肉牛と畑が連関して、お互いになければならない関係
牛が出した糞は専用の堆肥化施設で完熟させたのち、自分の畑と仲間の農家の畑に散布する

素牛(もとうし)と呼ばれる子牛は毎月、合田さん自身が市場に足を運んで見極め、購入している。肉質を安定させるために、牛の交配をきちんと管理している産地を見つけ、いまではそこからの導入がほとんどだそうだ。

肥育牛舎には、250頭もの肉牛がいて、これを家族五人で面倒をみている

牛の群れの中に、去勢牛とメスを分けずに入れる

面白いのは、牛の群れの中に、去勢牛とメスを分けずに入れることだ。昔は去勢牛(元・オスのことです)とメスは成長の速度が違うので、分けて育てていた。しかしそうすると、特に去勢牛たちがあらぶり、互いに傷つけ合うことが多くなり、肉質に悪い影響が出るようになった。そんなある日、偶然にメスが去勢牛の牛舎に入ってしまったのだが、その牛舎ではケンカが起きなかったのだそうだ。いまでは、去勢牛の中に2割ほど、メスを混ぜるという育て方をしている。
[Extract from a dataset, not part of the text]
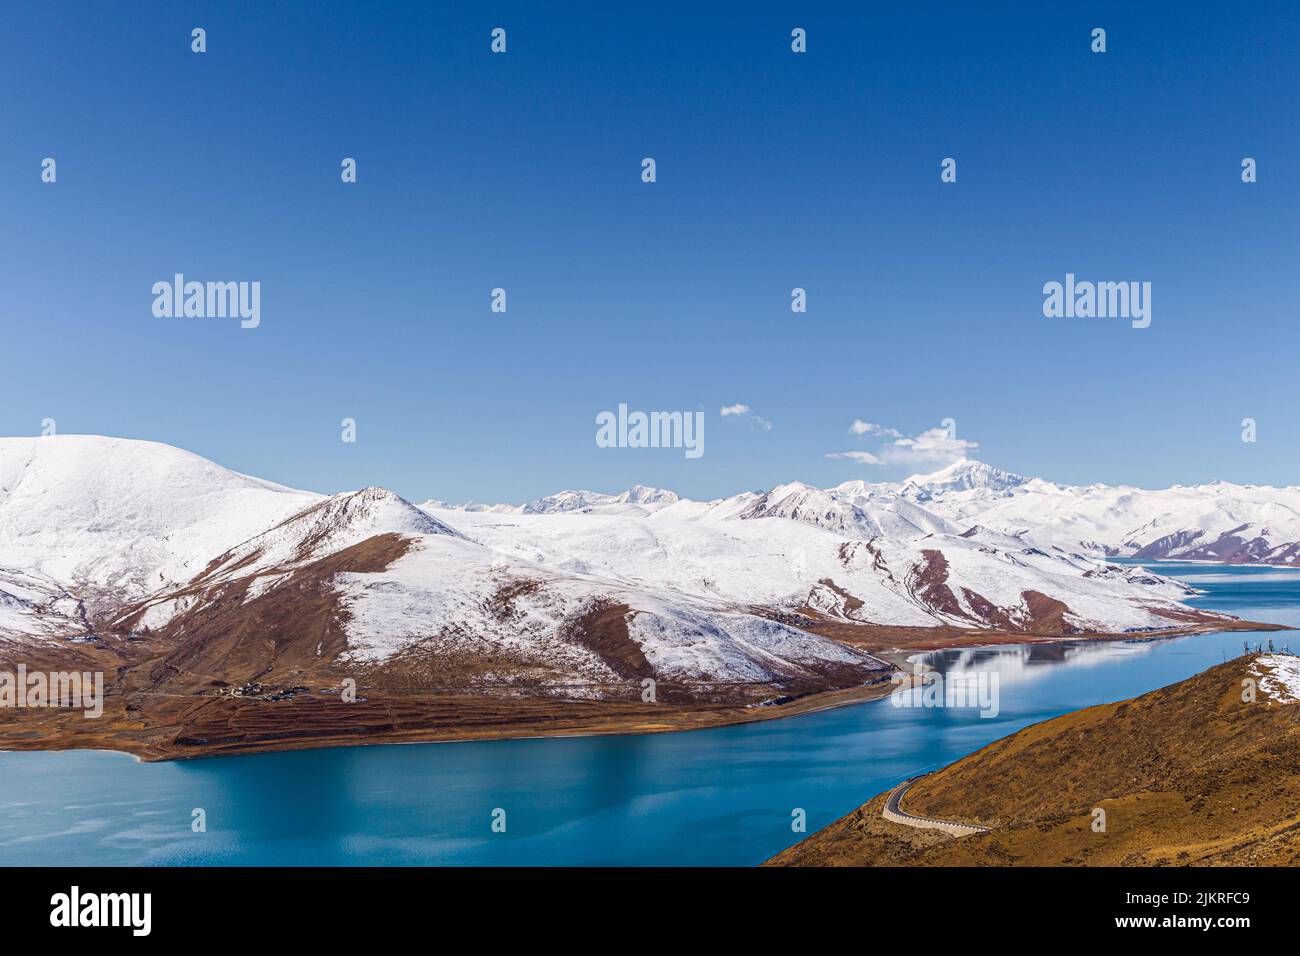 Le lac Yamdrok est un lac d'eau douce situé dans le comté de Nangartse, préfecture de Shannan, à environ 170 km (110 mi) au sud-ouest de Lhassa, capitale du Tibet en Chine Banque D'Images

そのおかげだろうか、合田さんの牛たちも実に優しく、落ち着きがある。と思いつつ、合田さんの息子さんの妻君がすごいことをしているのを発見!

「この子達、トマトが好きなんですよ。」

と、収穫したてのトマトをちょんとえさ場に置くのだ!
ええええええええええええええ、ほんとう?
と思った瞬間、牛がベロンと舐めとり、トマトを一瞬にして頬張り、食べてしまった!

いや、驚きましたね。先に牛と畑の循環と書いたけれども、実際に作物まで循環していたとは、、、(笑)

牛がベロンと舐めとり、トマトを一瞬にして頬張り、食べてしまった!
合田さんの牛たちも実に優しく、落ち着きがある

「牛肉の美味しさは霜降りだけじゃないんだ。オリーブ牛はね、脂に甘みや旨さが出るんですよ。これからはシツコサではなくて、美味しい霜降り肉を食べて欲しいね。」

と笑う合田さん。畜産関連の数々の賞をとってきた方が最終的にいきついたのは、オリーブ牛という道だったのだ。


こうして石井さんと、三軒の農家さんを訪ねたのだが、一貫して感じたことがある。それは、どの農家さんも信じられないほどに優しく、牛を家族のように愛しみ、育てていたことだ。

だいいち、元来は渋くて食べられないオリーブ粕を、天日で何日も干すようなことを、牛のためにやる石井さんがスゴい。しかもオリーブ牛を育てる技術を、香川の肉牛農家みんなのために無償で教えているわけだ。なんということだろうか。

その石井さんの思いを継ぎ、自分達の飼う牛たちをさらにオリーブ粕で高める西尾さん、畑さん、合田さん。もちろん彼ら以外の香川の肉牛農家みんながそうだろう。

香川県には、オリーブが起点となった循環がある。その循環がもたらしたオリーブ牛の味は、日本、いや世界の中でもここでしか味わうことができない、正真正銘のオリジナルの味である。

まだ食べたことがないという人、ぜひオリーブ牛を味わってみて欲しい。